───── GIVEN RECORDS ─────

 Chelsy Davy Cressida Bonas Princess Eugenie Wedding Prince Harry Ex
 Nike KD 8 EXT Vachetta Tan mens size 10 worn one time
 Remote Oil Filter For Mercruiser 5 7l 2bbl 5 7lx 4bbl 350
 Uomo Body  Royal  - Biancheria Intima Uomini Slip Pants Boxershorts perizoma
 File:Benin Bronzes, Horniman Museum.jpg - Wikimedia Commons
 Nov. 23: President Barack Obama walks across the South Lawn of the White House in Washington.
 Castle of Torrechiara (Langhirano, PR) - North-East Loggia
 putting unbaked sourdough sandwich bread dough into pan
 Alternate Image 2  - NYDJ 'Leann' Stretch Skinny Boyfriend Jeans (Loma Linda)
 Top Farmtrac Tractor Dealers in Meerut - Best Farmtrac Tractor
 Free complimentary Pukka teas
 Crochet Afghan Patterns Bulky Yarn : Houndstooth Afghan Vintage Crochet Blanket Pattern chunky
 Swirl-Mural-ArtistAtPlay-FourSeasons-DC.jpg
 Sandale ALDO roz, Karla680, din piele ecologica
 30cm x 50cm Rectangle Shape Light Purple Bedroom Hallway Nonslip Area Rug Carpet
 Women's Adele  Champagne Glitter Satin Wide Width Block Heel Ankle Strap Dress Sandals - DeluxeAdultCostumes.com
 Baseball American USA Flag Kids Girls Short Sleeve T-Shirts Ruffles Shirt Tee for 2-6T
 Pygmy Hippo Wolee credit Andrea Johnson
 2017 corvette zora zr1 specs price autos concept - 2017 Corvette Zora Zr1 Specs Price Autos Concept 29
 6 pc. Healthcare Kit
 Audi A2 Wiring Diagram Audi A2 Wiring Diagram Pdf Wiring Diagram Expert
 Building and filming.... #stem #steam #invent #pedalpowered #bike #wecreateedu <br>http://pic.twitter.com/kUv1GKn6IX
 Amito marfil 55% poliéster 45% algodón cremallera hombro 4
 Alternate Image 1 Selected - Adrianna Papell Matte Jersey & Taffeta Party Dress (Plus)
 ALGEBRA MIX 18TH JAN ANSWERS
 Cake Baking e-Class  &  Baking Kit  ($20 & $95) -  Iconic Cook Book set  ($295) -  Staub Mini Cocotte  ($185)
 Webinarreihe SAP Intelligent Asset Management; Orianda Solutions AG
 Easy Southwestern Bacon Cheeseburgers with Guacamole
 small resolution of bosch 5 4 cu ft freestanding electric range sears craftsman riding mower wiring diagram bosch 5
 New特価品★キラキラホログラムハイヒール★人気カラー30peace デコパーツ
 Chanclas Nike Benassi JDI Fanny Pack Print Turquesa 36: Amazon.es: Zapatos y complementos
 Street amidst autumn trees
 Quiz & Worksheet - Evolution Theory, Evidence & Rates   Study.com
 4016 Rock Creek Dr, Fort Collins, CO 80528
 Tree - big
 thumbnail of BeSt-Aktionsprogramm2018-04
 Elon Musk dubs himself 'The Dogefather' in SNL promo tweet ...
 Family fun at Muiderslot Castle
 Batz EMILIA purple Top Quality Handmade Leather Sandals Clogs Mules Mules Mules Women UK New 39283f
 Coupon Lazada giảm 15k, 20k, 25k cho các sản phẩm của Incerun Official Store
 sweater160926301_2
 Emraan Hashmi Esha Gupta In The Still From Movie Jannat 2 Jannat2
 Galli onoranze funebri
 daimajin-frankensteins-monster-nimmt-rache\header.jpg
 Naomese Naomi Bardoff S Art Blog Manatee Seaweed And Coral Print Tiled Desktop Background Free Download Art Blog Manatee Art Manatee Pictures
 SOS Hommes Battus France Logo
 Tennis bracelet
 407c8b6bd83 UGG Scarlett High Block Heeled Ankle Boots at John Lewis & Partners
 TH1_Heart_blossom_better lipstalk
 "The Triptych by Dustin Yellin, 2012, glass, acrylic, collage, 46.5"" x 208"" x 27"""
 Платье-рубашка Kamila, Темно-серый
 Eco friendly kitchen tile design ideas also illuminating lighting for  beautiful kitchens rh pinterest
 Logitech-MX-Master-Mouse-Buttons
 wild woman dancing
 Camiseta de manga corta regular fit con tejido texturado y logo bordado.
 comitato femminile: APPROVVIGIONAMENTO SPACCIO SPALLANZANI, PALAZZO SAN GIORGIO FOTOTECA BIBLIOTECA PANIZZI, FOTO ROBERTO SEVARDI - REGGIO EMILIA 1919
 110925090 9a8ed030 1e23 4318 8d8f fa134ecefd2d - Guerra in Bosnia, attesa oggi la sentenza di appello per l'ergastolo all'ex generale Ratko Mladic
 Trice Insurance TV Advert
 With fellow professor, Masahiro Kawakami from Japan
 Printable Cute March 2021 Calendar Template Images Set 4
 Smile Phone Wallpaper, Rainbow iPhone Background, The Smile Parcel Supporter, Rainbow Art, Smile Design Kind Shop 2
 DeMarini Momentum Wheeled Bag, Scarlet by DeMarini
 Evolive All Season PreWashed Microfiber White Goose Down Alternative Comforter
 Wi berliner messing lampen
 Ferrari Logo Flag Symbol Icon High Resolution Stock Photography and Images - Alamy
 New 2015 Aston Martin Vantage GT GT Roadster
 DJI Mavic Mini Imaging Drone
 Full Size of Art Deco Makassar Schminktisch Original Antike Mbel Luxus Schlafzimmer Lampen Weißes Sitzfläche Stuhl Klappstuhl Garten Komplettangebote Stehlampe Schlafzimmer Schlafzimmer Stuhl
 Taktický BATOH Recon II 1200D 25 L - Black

─────

ABOUT THIS TASK:
Find the word "Dress" in the entries. Copy each line that holds it.

ANSWER FOR THE TASK:
 Women's Adele  Champagne Glitter Satin Wide Width Block Heel Ankle Strap Dress Sandals - DeluxeAdultCostumes.com
 Alternate Image 1 Selected - Adrianna Papell Matte Jersey & Taffeta Party Dress (Plus)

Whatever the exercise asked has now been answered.